When I start to dwell on a problem, I can step back and look pretty much anywhere in this world and find stories of unbelievable resilience and grit. People who endure so much more than I ever have and come out surviving and thriving. Circumstances that are seemingly unbearable and obstacles that look insurmountable, and yet people soldier on, refuse to relinquish the reigns of their lives, and smile in the wake of immense struggle. That simple broadening of the lens through which I view my life casts nearly every challenge in a new light, and suddenly I recognize it for what it is: a manifestation of some privilege, some joy or gift I nearly had the audacity to take for granted.

I look at this year's ACL situation as a prime example. I tore both my ACLs and had to have two surgeries. I have been kept away from basketball (the love of my life) for so long, and I miss it so bad it aches. I have crutched to work on the subway, my leg throbbing if I stand, going numb if I sit. I cried tears of frustration at how tedious and taxing the most simple and normally thoughtless tasks became. I panicked over how frequent and costly my physical therapy copays were.

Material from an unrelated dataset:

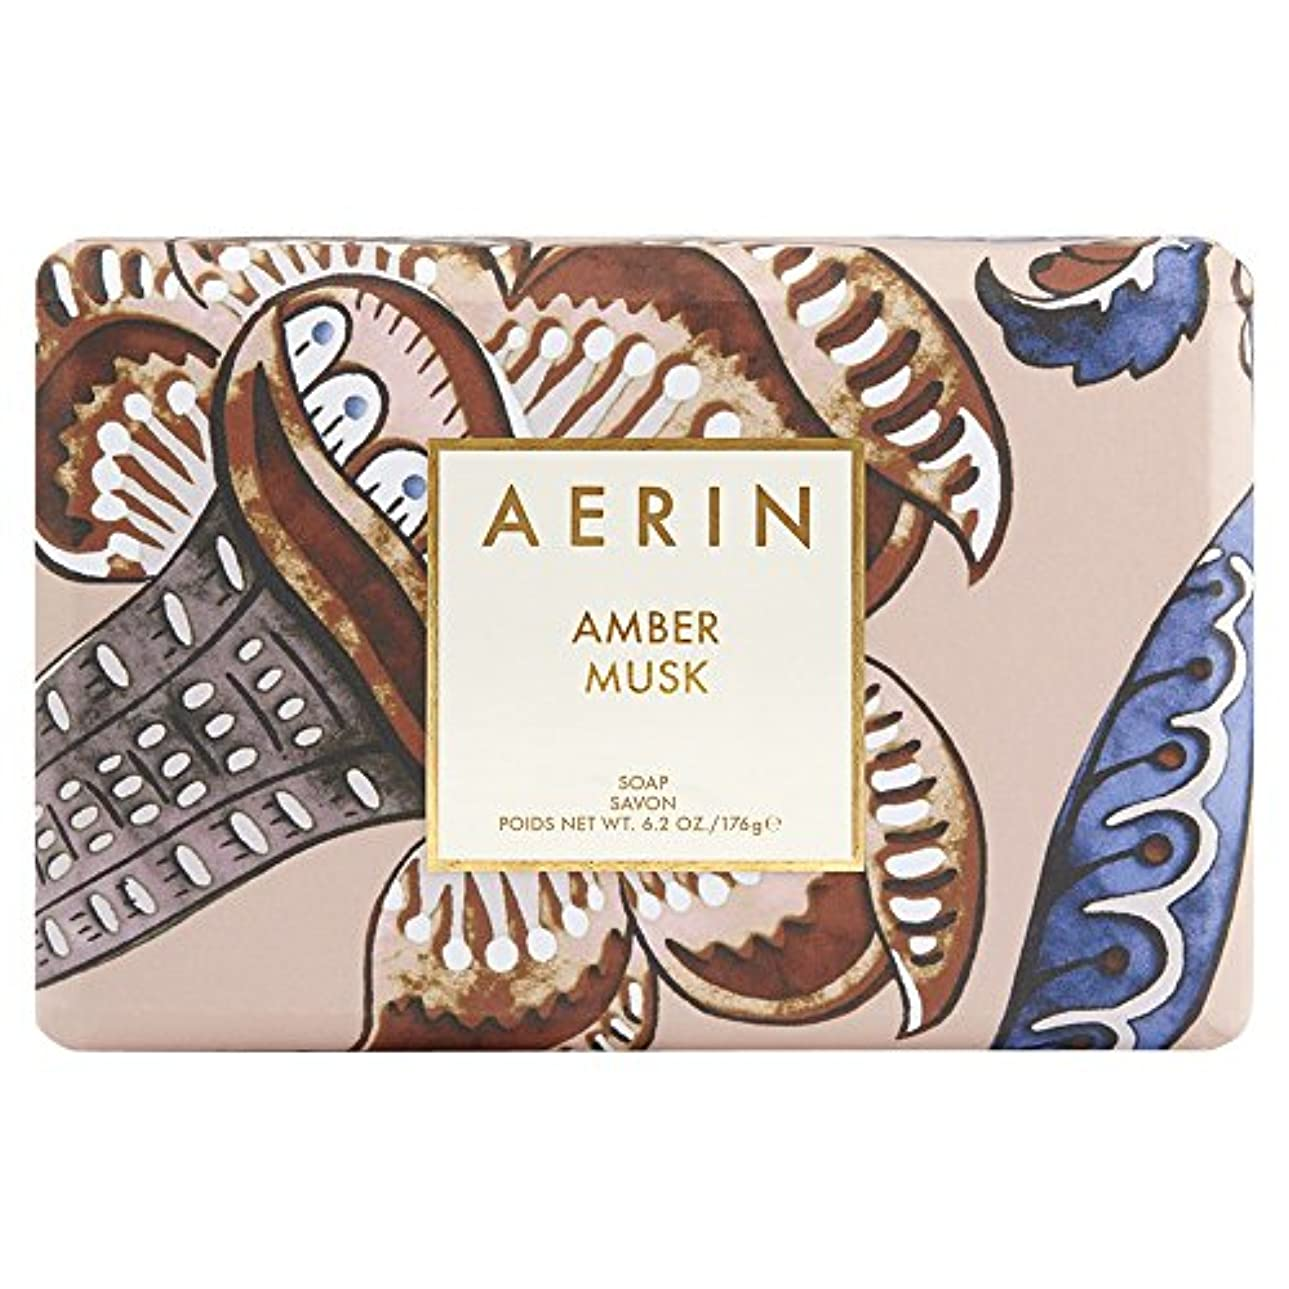 漂流出版脱走Aerinアンバームスクソープ176グラム (AERIN) (x2) - AERIN Amber Musk Soap 176g (Pack of 2) [並行輸入品]

All of this has been a struggle, but here are the bottom lines: I have insurance and familial support and was able to get surgery. I have a job and can ultimately afford the copays to get the physical therapy I need. I have the joy of a motivation: to miss basketball is far better than to be faced with a vague purposelessness and the lack of motivation it would surely bring with it. Perhaps most importantly: this situation is temporary. I will heal fully and return to the sport I love. I have the comfort of knowing my challenge is finite. So many people don't have that comfort; so many people's pain(s) stretch torturously into the unknown, or worse yet are assuredly endless, and yet, they continue onward. So many people find the positive, the beneficial, the diamonds among dirt, or better yet, they look at the dirt and plant seeds, and then summon patience and perseverance until the seeds of their resilience blossom.

Existence in this world is inevitably replete with challenges, not to mention tiny, nagging aggravations throughout the day. But in the scheme of things, if you can step back and see the big picture, these things are often minute against the backdrop of an indelible fact: Life is good. And if that perspective broadening doesn't work (it does), I can also look around at the people within my life exuding positivity in their own trying situations and inevitably the happiness I feel to have those people in my life outweighs any stress or frustration that may try to creep in.

At the end of the day, I am human -- we all are. We feel feelings and we exist in the context of our own lives so our own struggles matter to us and affect us, as they should. So while my moments of sadness or frustration may be valid and I allow them to run their course, if they try to overstay their welcome it's up to me to play them off the stage. So before I ever start to sink into any form of self-pity, I check myself. There's SO much to be grateful for, and to forget this for more than a fleeting moment feels like an immense grievance and the ultimate disservice to having a life that so warrants gratitude.

Sometimes gratitude has to be a decision before it becomes a habit, but I think it's one of the wisest choices and most beneficial habits any of us can make.